Just a few years ago, SecurityWeek was told that each working qubit could require up to a thousand extra error correction qubits — although improvements in error correction algorithms and methods have been steadily lowering this number, and different technologies have different degrees of quantum instability. Now Google has announced that it has achieved what is known as ‘below threshold’ error correction.

Google has demonstrated with Willow that it can increase the number of qubits while simultaneously reducing the reliance on error correcting qubits. 

“This is a major watershed moment for quantum computation design, marked by the demonstration of below-threshold scaling capabilities,” explained Holmqvist. “The shift from ‘more qubits add more noise’ to ‘more qubits exponentially reduce noise’ is transformative, opening pathways for various architectural approaches and representing a huge leap forward in quantum computing.”

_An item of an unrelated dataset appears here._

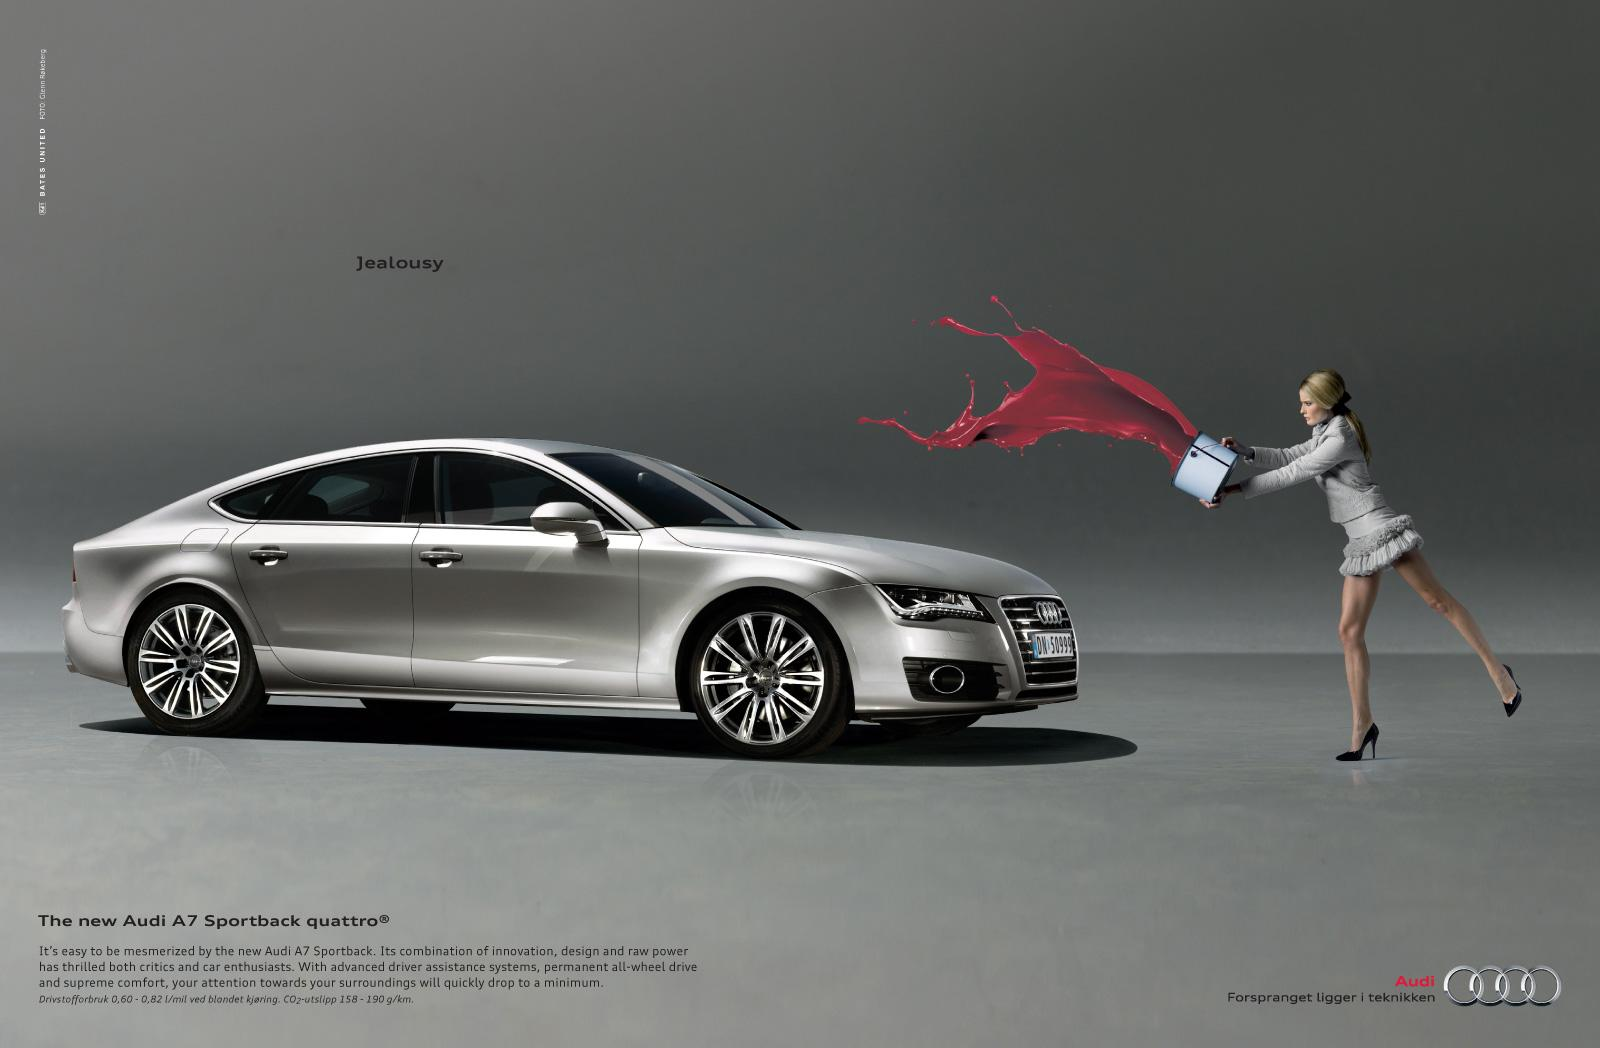 Años 2010- Audi A7 mujer celosa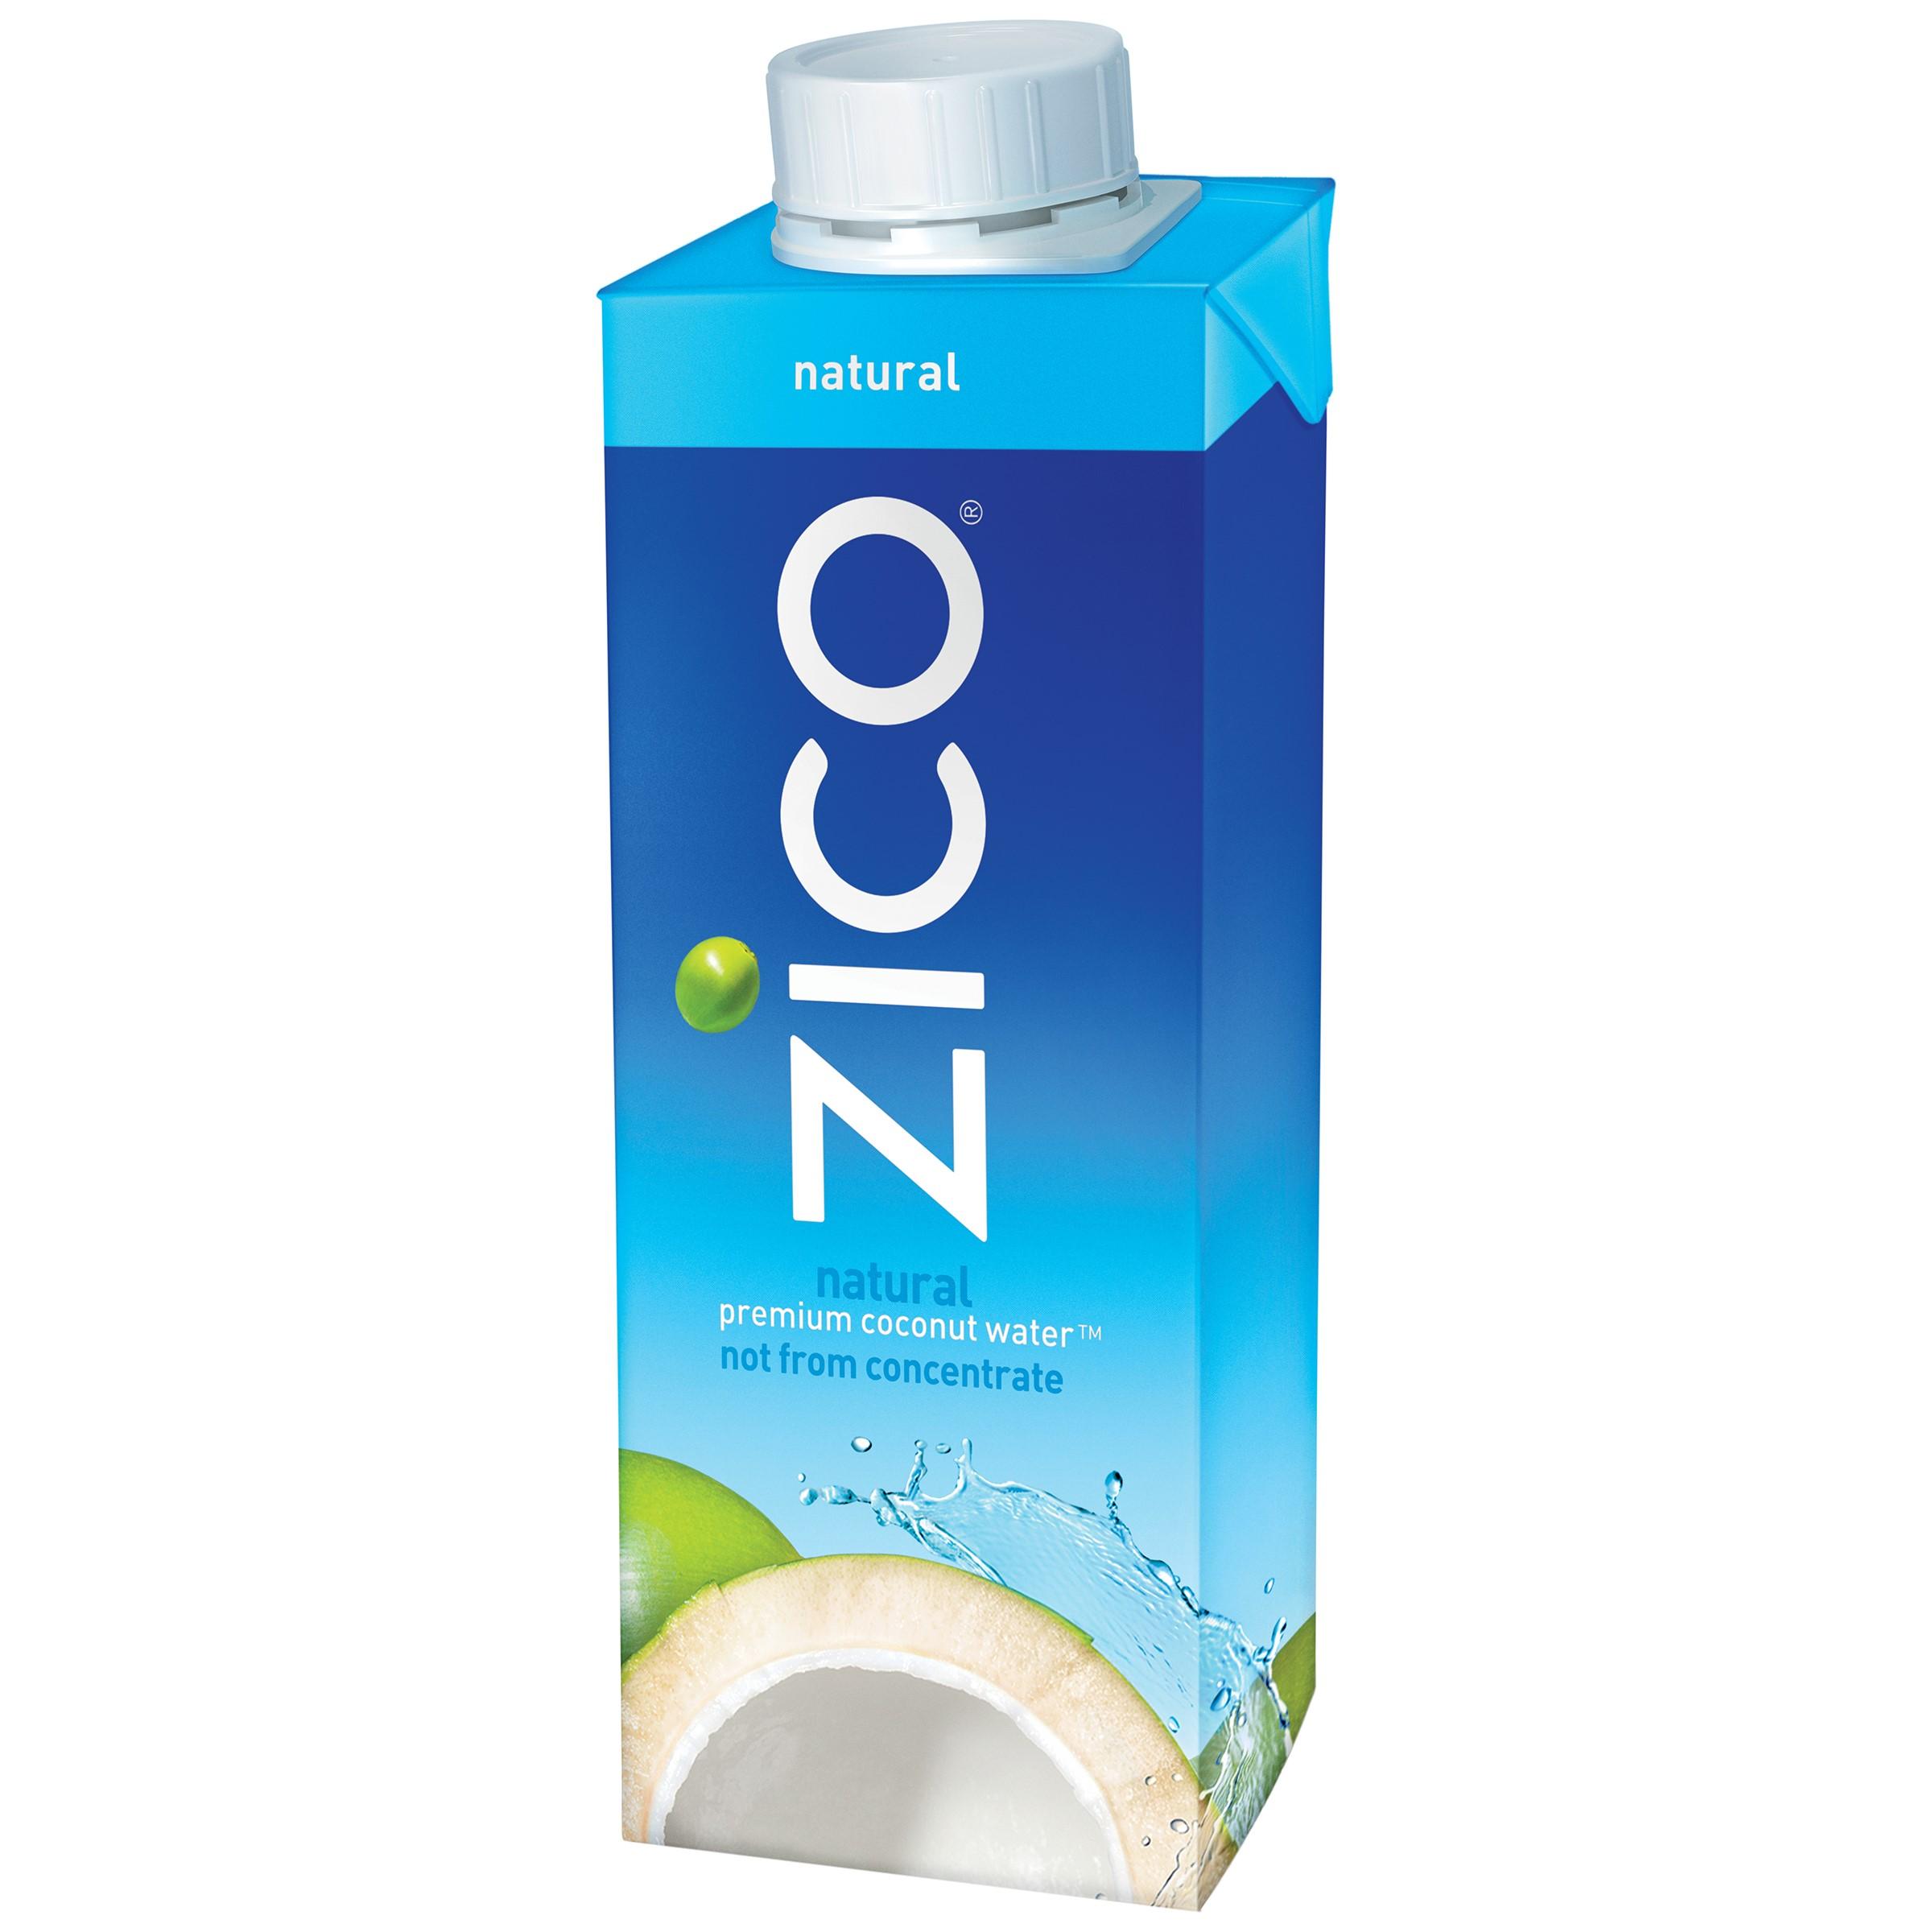 ZICO Coconut Water, Natural, 8.45 Fl Oz

Sanzeri adds, “Error correction is applicable across all quantum computing types including superconducting, photons, ions and even neutral atoms. So safe to say this is an industry breakthrough.” But he also warns, “These results represent incremental progress rather than a full solution. While significant, the level of error correction achieved is still far from the thresholds required for large-scale, fault-tolerant quantum systems.”

It is impossible to say that Willow and Google’s below threshold error correction brings the day of CRQC any closer, but it does have that potential. The real lesson for security folk is that we no longer dare delay our cryptographic migration to NIST’s post quantum and agile encryption algorithms. To do so goes beyond folly.